Colleagues found anecdotes about my life funny when they weren’t meant to be, savouring the dramatic elements like it was a soap opera. Eventually, I started dressing like them, diluted my accentto flow with theirs, and avoided discussing anything that was a class signifier – like my family home, my mum’s relative youth and the schools I attended. I was performing upper-class at work as a protective shield, then switching back to default at home, which was a £250pcm bedroom with someone else’s vomit on the walls.
Rogaly observes in his book that many people have mixed emotions about their identities. “The same person could feel pride and shame at their class background in one conversation, yet identify with it in another.”
It’s hard to pinpoint when I stopped acting like my colleagues and actually became one of them. After a few years of hard work and promotions, I found myself living in one of the most affluent areas of Hampshire with a salary I never imagined I’d have. I only noticed the transition when a friend pointed out I was earning more than most of my family members – a realisation that brought a confusing mix of relief, guilt, and fear that I was a “class traitor”.
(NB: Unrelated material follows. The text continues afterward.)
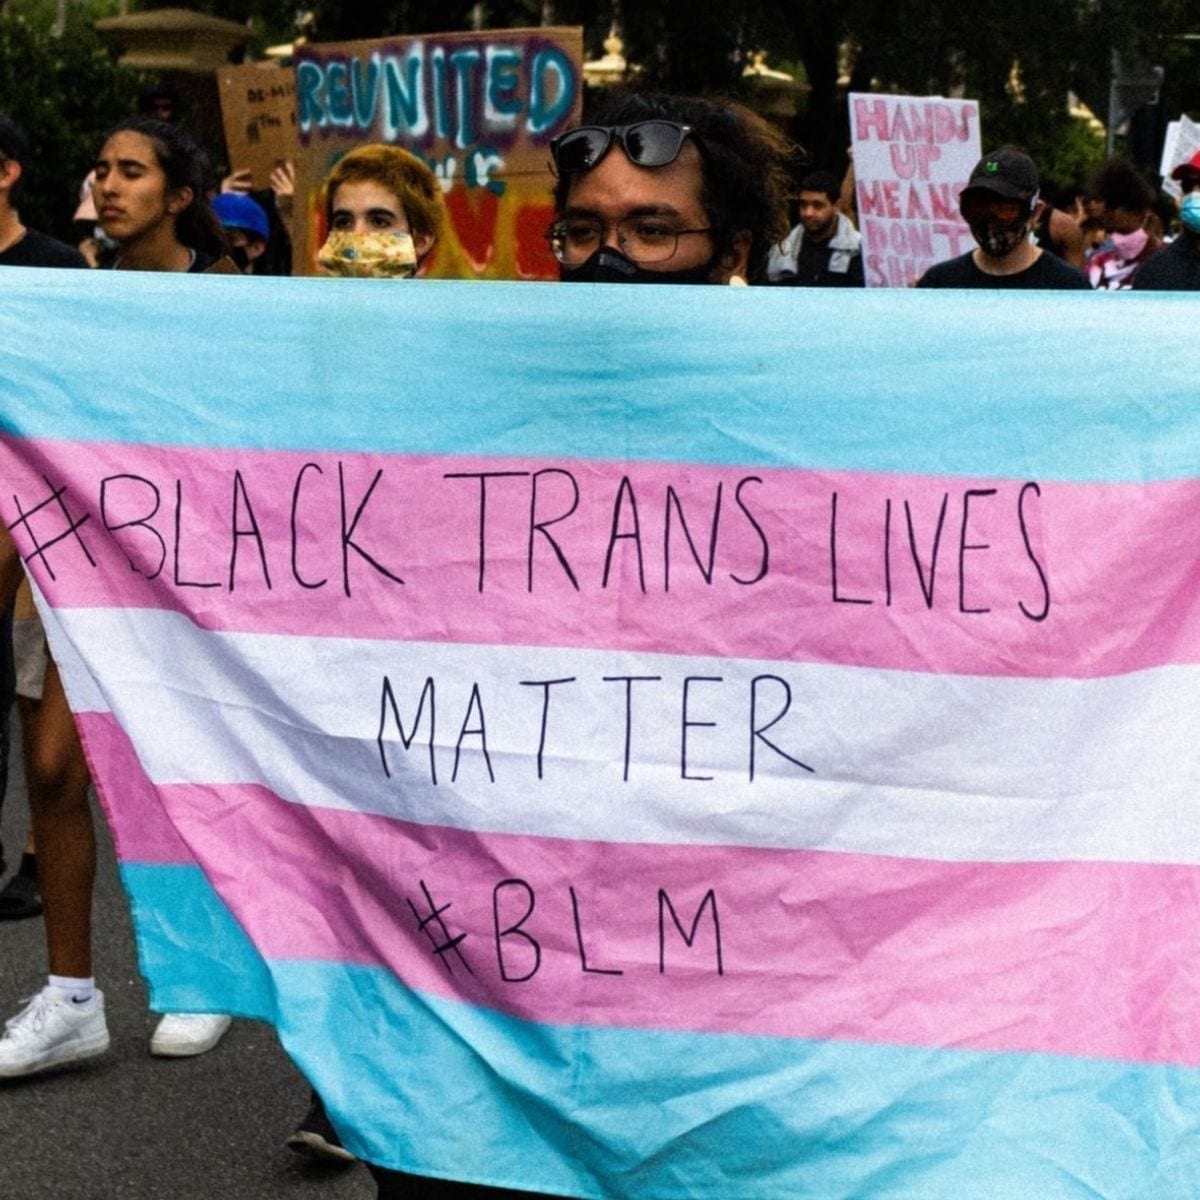 Black Trans Lives matter on a transgender flag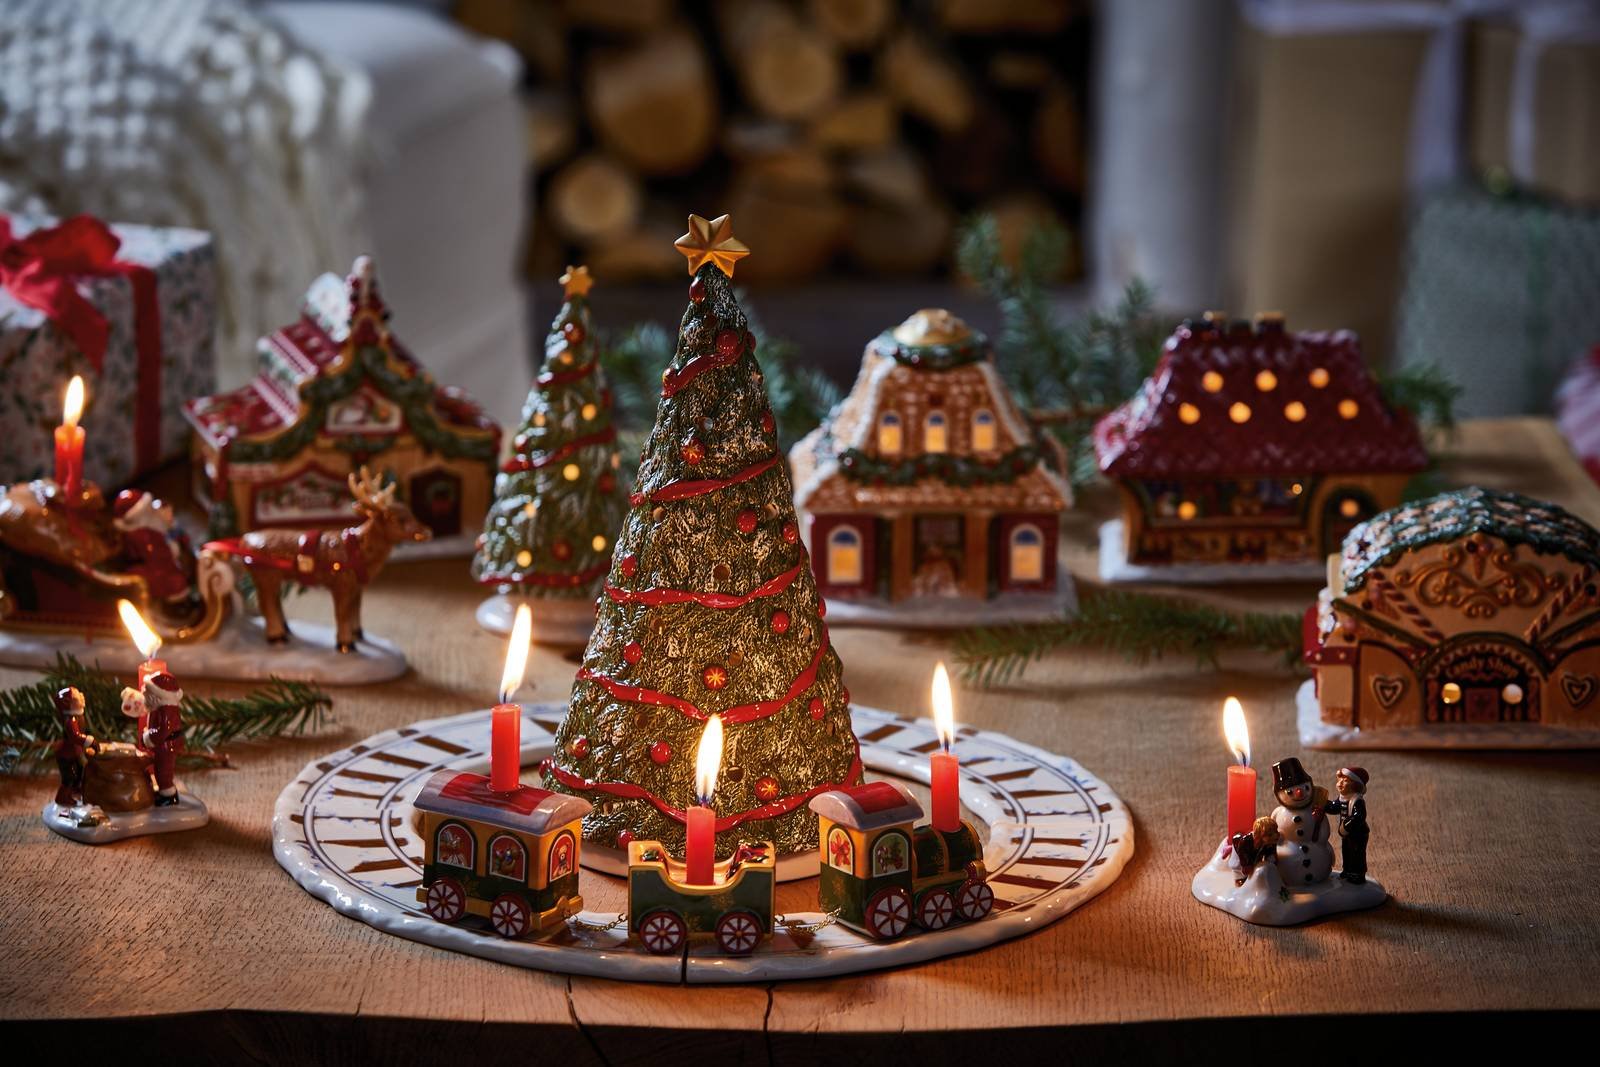 Foto Di Decorazioni Di Natale.Albero Di Natale E Decorazioni Crea Una Magica Atmosfera Cose Di Casa

For a long time I lived in a constant state of imposter syndrome. My colleagues never really bonded with me. But back home, the way I was seen, talked to (or about) had shifted. My family don’t always understand my career but they’re proud. Friends who remained in our hometown think I’ve abandoned our roots.
Flippant jokes from friends about me having a New Yorker subscription and spending all my time in pretentious coffee shops (to be fair, I deserve this) had me wondering if I had abandoned my class, but I didn’t feel like I had.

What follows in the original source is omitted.